= Anti–South Korean sentiment =

Anti-South Korean sentiment or anti-Republic of Korea sentiment (simply anti-ROK sentiment) refers to opposition or hostility towards the South Korea. While anti-South Korean or anti-ROK sentiment are distinct from "anti-Korean sentiment" related to ethnic hostilities, they may also include racist elements such as hostility towards the South Korean people.

The Korean Wave, a reference to the global trend of South Korean popular culture since the 1990s, has caused pushbacks in some countries.

==Statistics==

Results of 2017 BBC World Service poll. Views of South Korea's influence by country Sorted by Pos-Neg
| Country polled | Positive | Negative | Neutral | Pos-Neg |
|---|---|---|---|---|
| China | 25% | 71% | 2 | −46 |
| Germany | 11% | 32% | 57 | −21 |
| Spain | 24% | 42% | 34 | −18 |
| Brazil | 36% | 46% | 18 | −10 |
| Mexico | 36% | 42% | 22 | −6 |
| Greece | 24% | 29% | 47 | −5 |
| Pakistan | 19% | 22% | 59 | −3 |
| India | 27% | 28% | 45 | −1 |
| Peru | 37% | 37% | 26 | 0 |
| Kenya | 34% | 34% | 32 | 0 |
| France | 45% | 44% | 11 | 1 |
| Global average | 37% | 36% | 27 | 1 |
| Nigeria | 44% | 34% | 22 | 10 |
| Canada | 47% | 36% | 17 | 11 |
| United Kingdom | 52% | 40% | 8 | 12 |
| Russia | 32% | 20% | 48 | 12 |
| Indonesia | 37% | 23% | 40 | 14 |
| United States | 51% | 33% | 16 | 18 |
| Australia | 61% | 24% | 15 | 37 |
| Turkey | 70% | 21% | 9 | 49 |

== By region ==
=== Brazil ===
Despite the popularity of South Korean culture in Brazil among young people, some anti-Korean incidents have occurred in Brazil. In 2017, the Brazilian television host Raul Gil was accused of racism and xenophobia while making derogatory jokes to Asians and a "slit eye" gesture during a live interview with the K-Pop group K.A.R.D. This drew backlash from the Brazilian and foreign press. In 2019, a Brazilian couple published several videos on social media making fun of Korean food and language during a trip to South Korea. The case generated harsh criticism on social media.

=== China ===
At the end of World War II, North Korea, which was aligned with the Soviet bloc, became an ally of the People's Republic of China (PRC), while the PRC and the Republic of Korea did not recognize each other. During the Korean War, when China was engaged in war with South Korea and its United Nations allies, propaganda was used to indoctrinate people into hating South Korea, which was called a "puppet state" of the United States by the PRC government of the time.

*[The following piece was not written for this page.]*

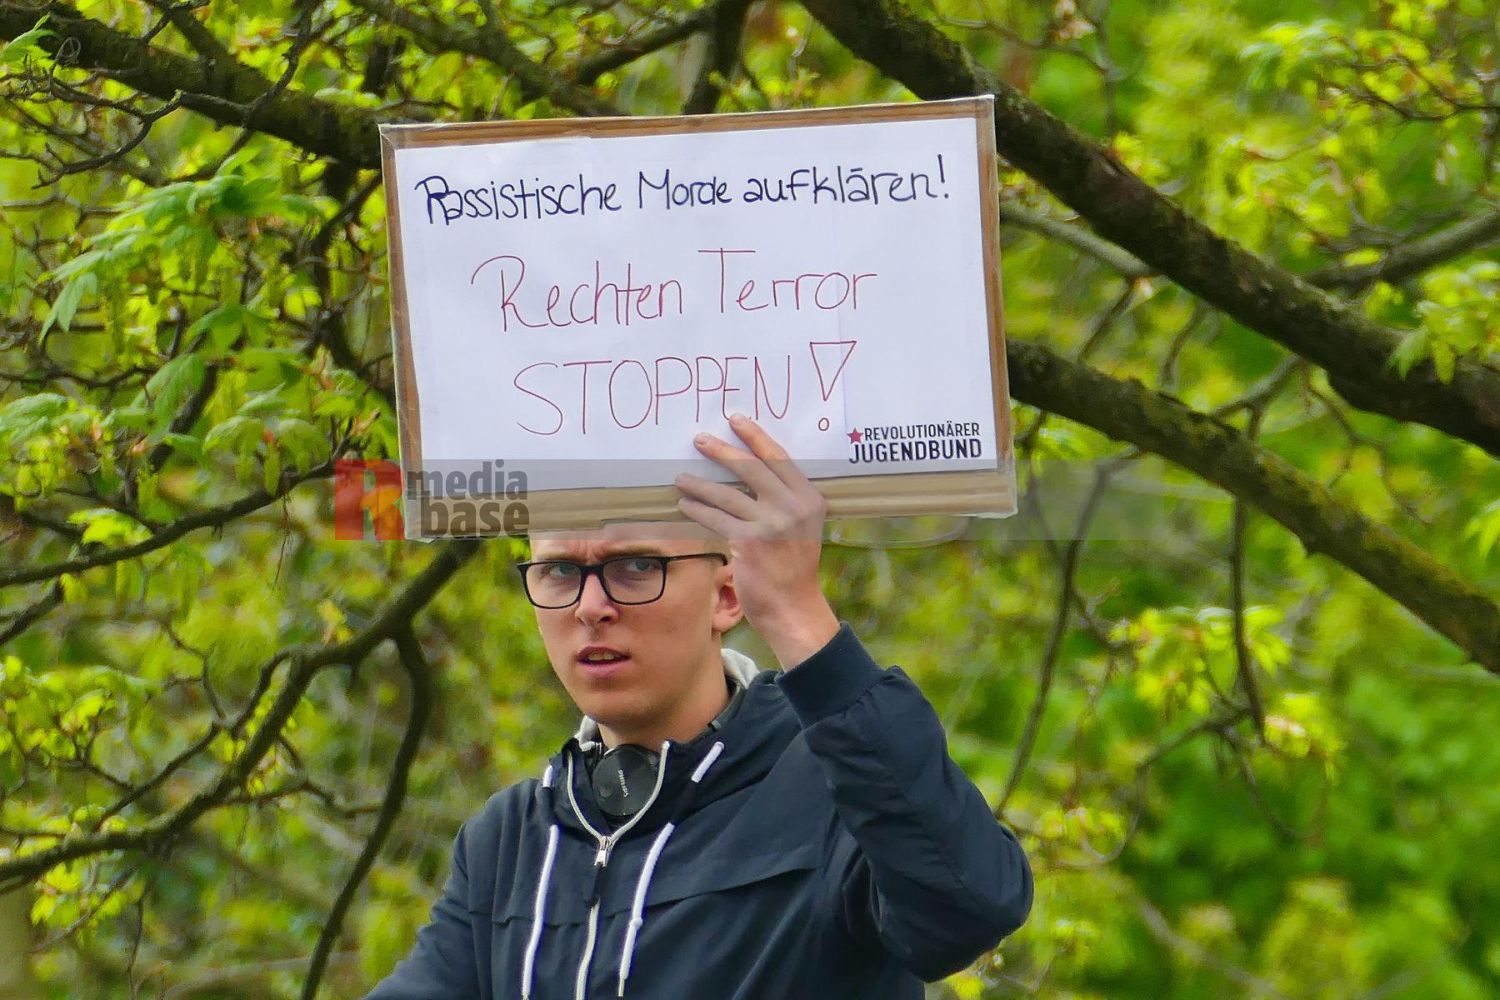 Protestaktionen gegen die Demonstration der Partei Die Rechte in Dortmund am 1. Mai 2022 unter dem Motto Heraus zum Tag der Arbeit <i>Bild Anonymus/R-mediabase</i> <br><a href=/confor2/?bld=65443&pst=65423&aid=597&dc=1415&i1=Anonymus/R-mediabase>Anfrage Download Bild 65443</a>  <a href=/wp-admin/post.php?post=65443&action=edit> / Edit</a><br><a href=/?p=65423>Zum Beitrag 65423</a>

From 1992 onward, after South Korea's normalization of relations with China, the relationship between the two nations gradually improved. From 2000 onward, Korean popular culture became popular within China.

A February 2021 survey conducted by scholars from Rice University, the University of British Columbia, and the Lee Kuan Yew School of Public Policy had 43% of Chinese respondents expressing an unfavorable view of South Korea, compared to 49% expressing a favorable view.

=== Indonesia ===

In Indonesia, Anti-Korean sentiment emerged in the 2000s. The emergence of anti-Korean sentiment is caused by several factors, such as plastic surgery and atheism in South Korea. Some Indonesians call Koreans "plastic". This stereotype arises because of the popularity of plastic surgery in South Korea. This stereotype has been strengthened since the suicide of the former member of Shinee, Jonghyun. In addition, there are assumptions that Korean drama lovers are excessive and that the people of Korea are always committing adultery. It was reported in 2013 that some Bali businesses had put up signs prohibiting Korean customers due to reports that a number of them flouted regulations during their stay.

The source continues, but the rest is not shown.